- Source data
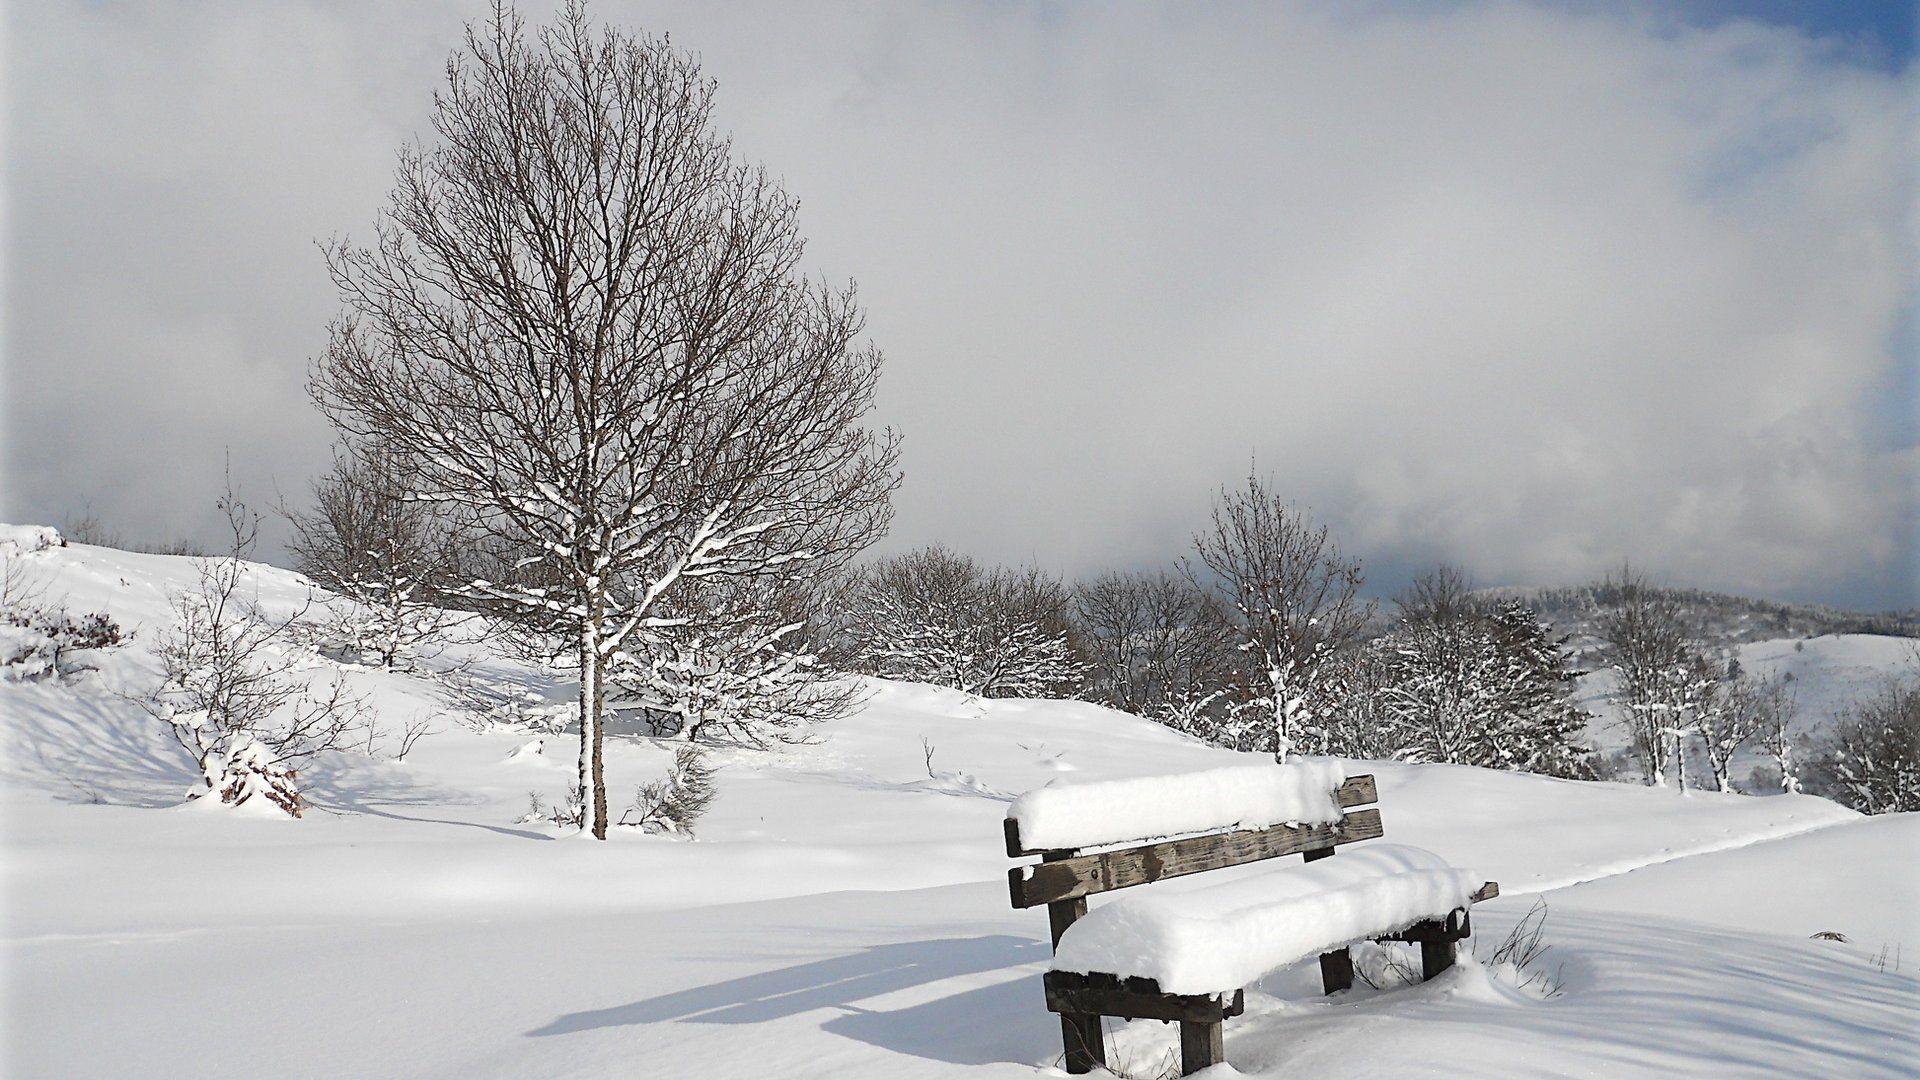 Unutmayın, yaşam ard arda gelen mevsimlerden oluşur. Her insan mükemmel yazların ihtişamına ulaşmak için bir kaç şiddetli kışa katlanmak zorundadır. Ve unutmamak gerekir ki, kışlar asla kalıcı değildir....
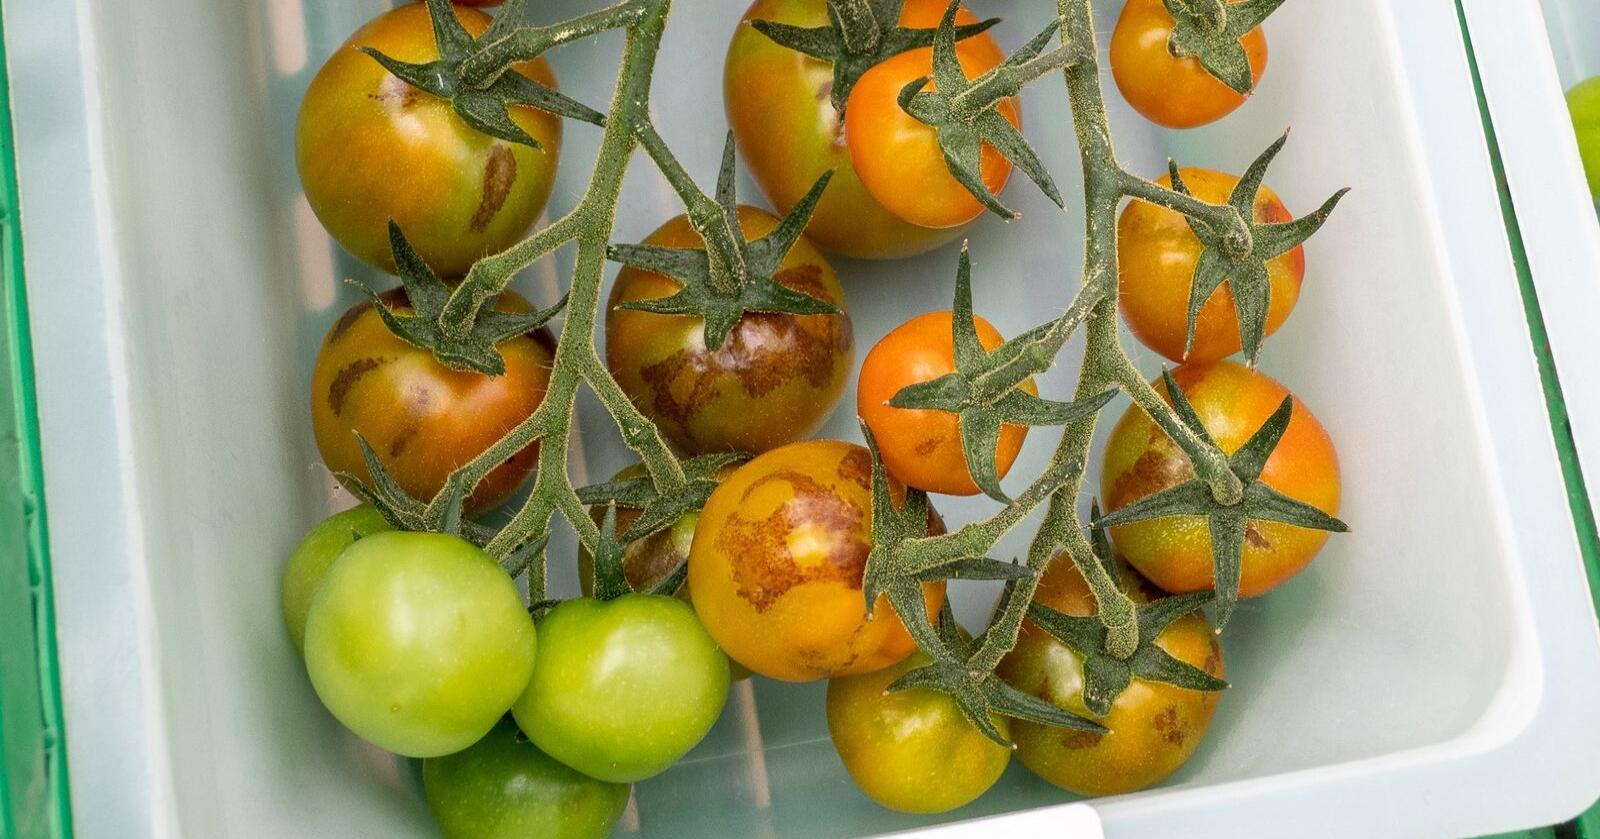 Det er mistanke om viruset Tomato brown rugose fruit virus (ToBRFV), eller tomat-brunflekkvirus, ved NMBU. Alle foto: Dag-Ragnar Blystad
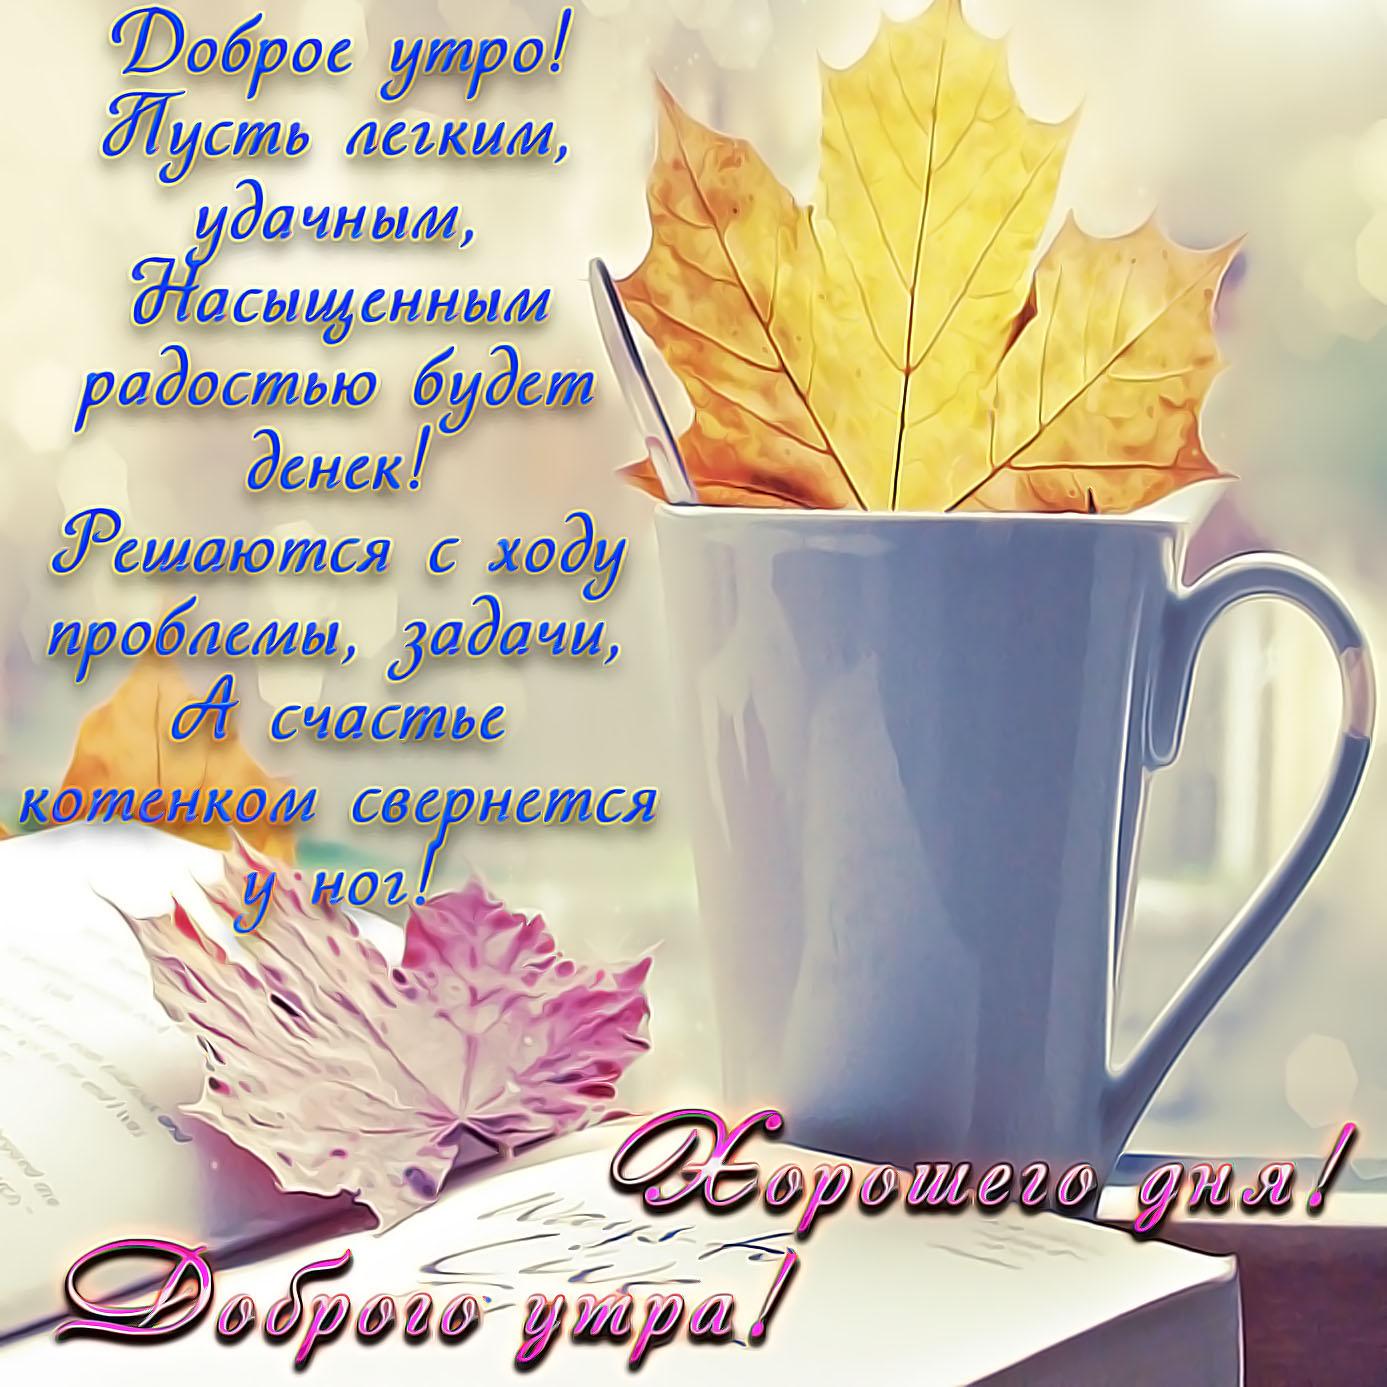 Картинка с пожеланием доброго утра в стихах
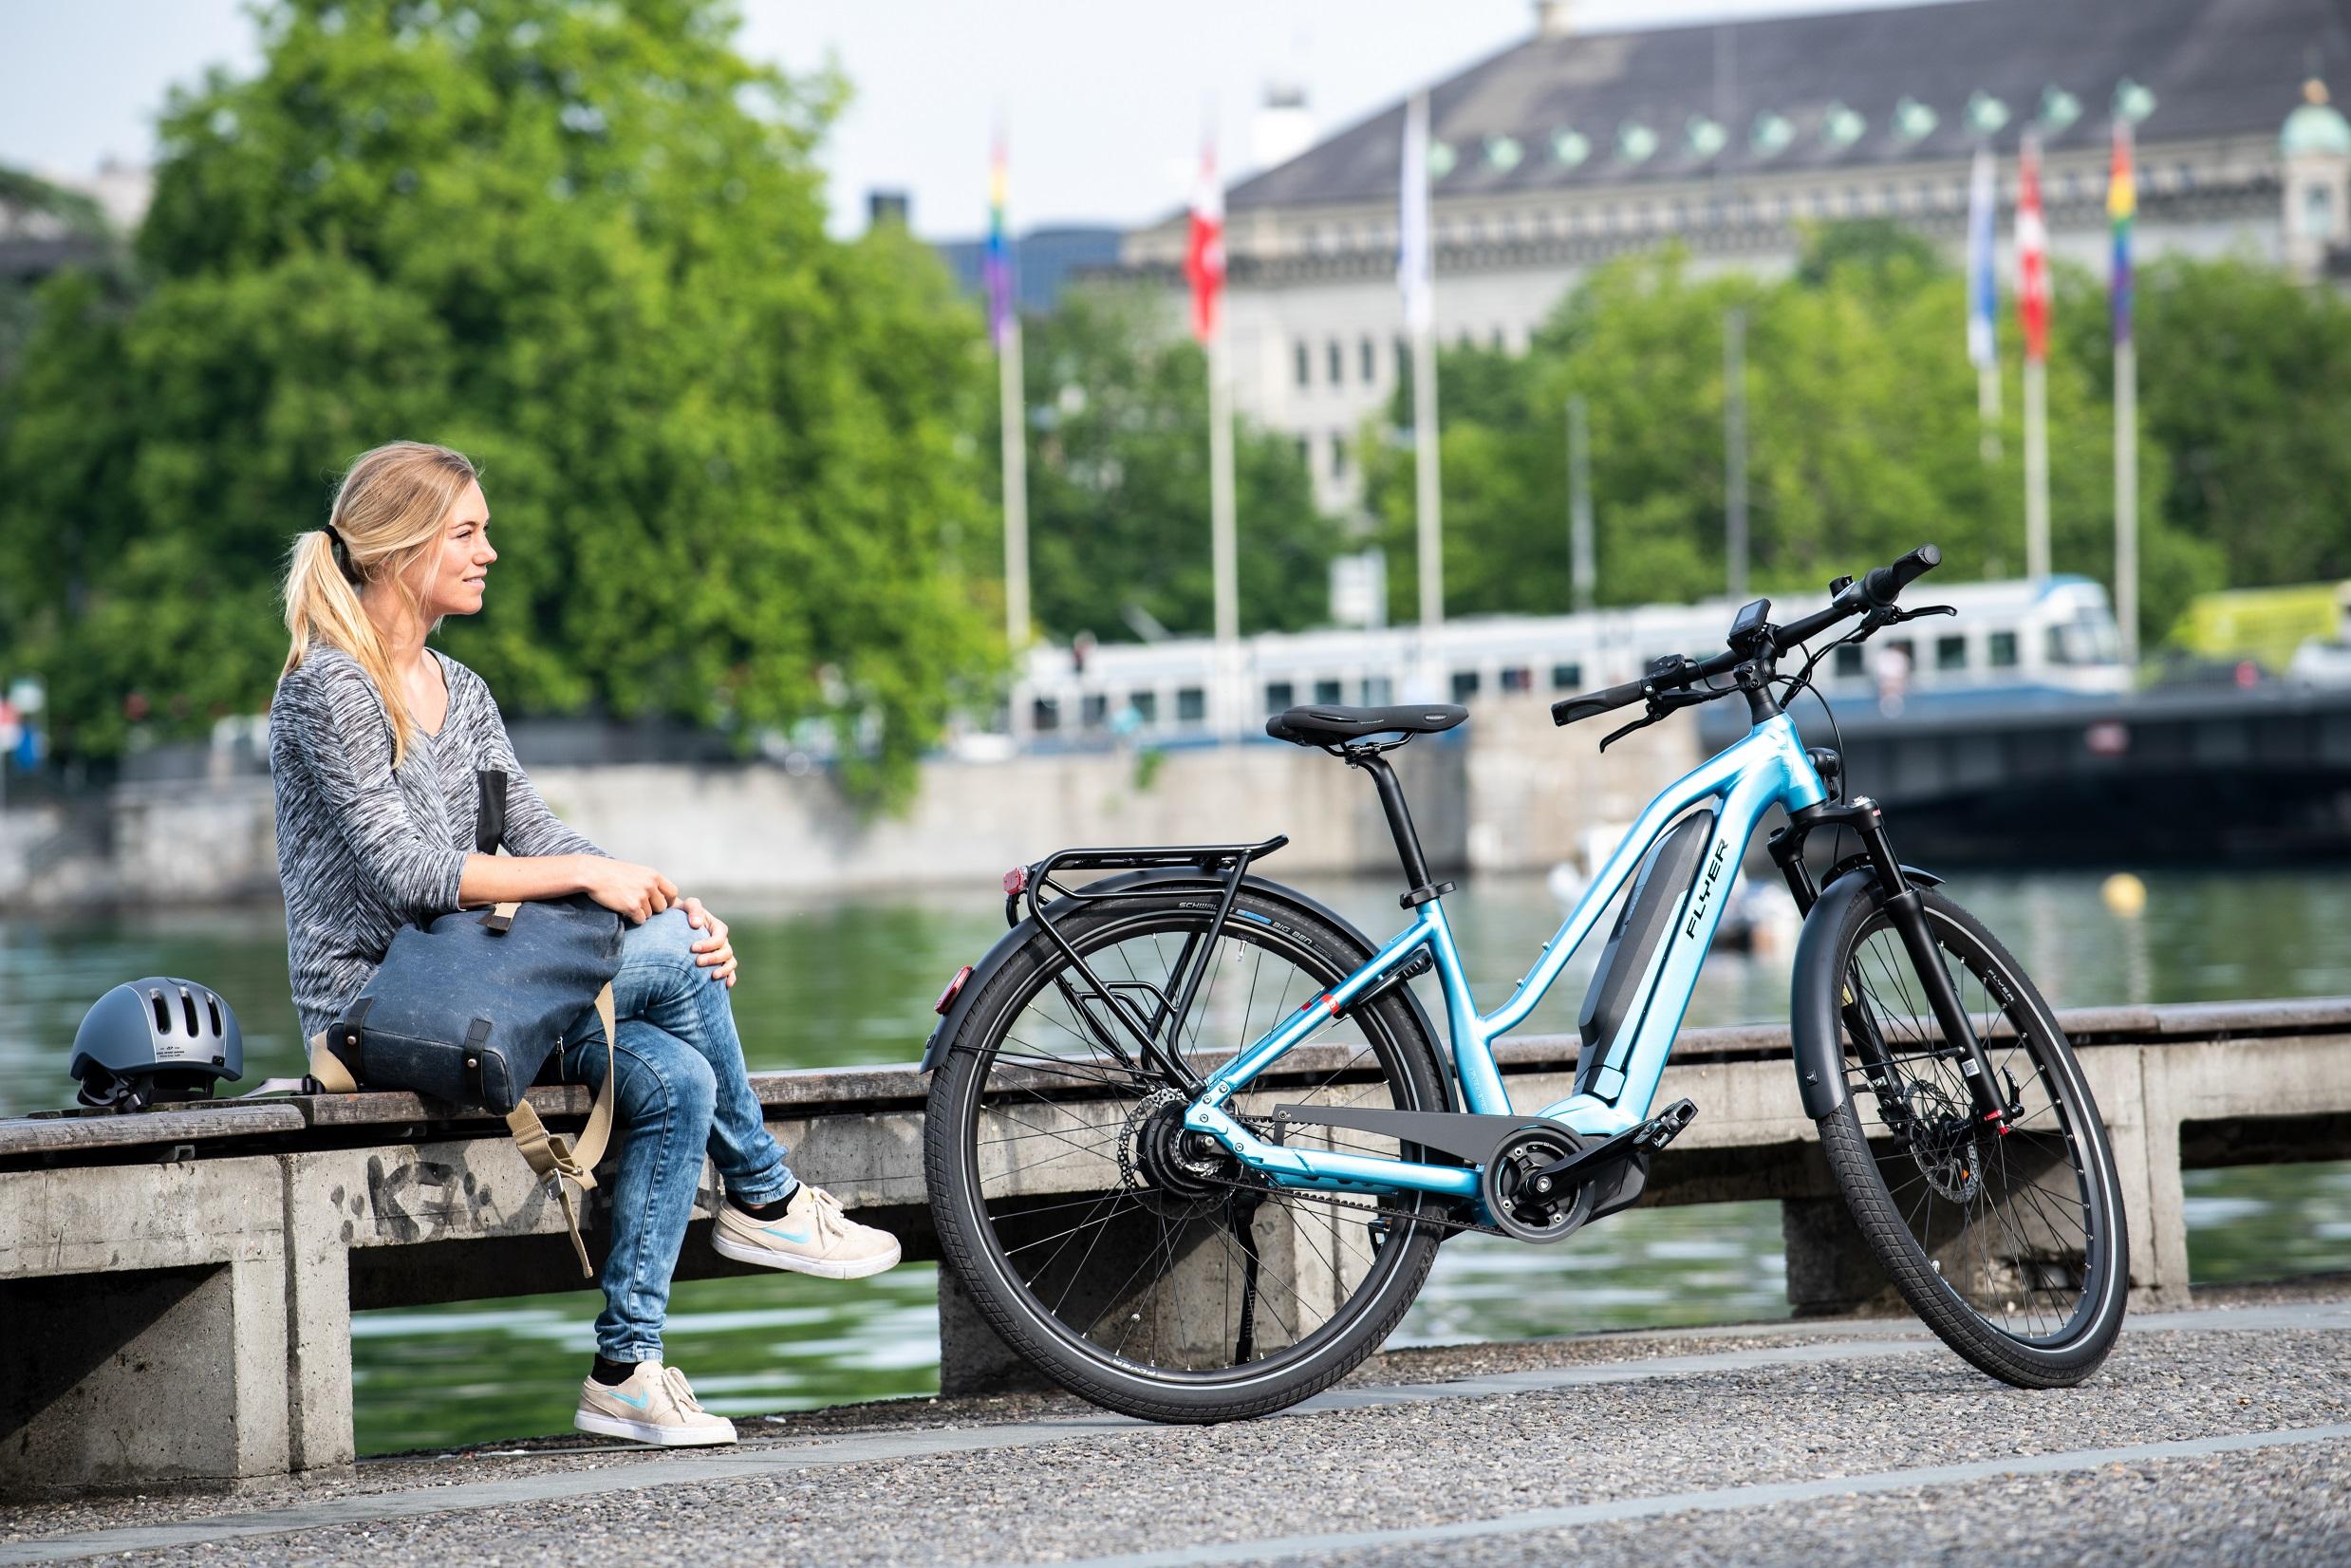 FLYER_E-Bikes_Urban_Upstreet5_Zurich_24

- The problem
If a picture falls within the span, leave it out, and reproduce exactly the lines from the one containing "Картинка с пожеланием доброго утра в стихах" through the end of the material, and no others.

- Answer box
 Картинка с пожеланием доброго утра в стихах
 FLYER_E-Bikes_Urban_Upstreet5_Zurich_24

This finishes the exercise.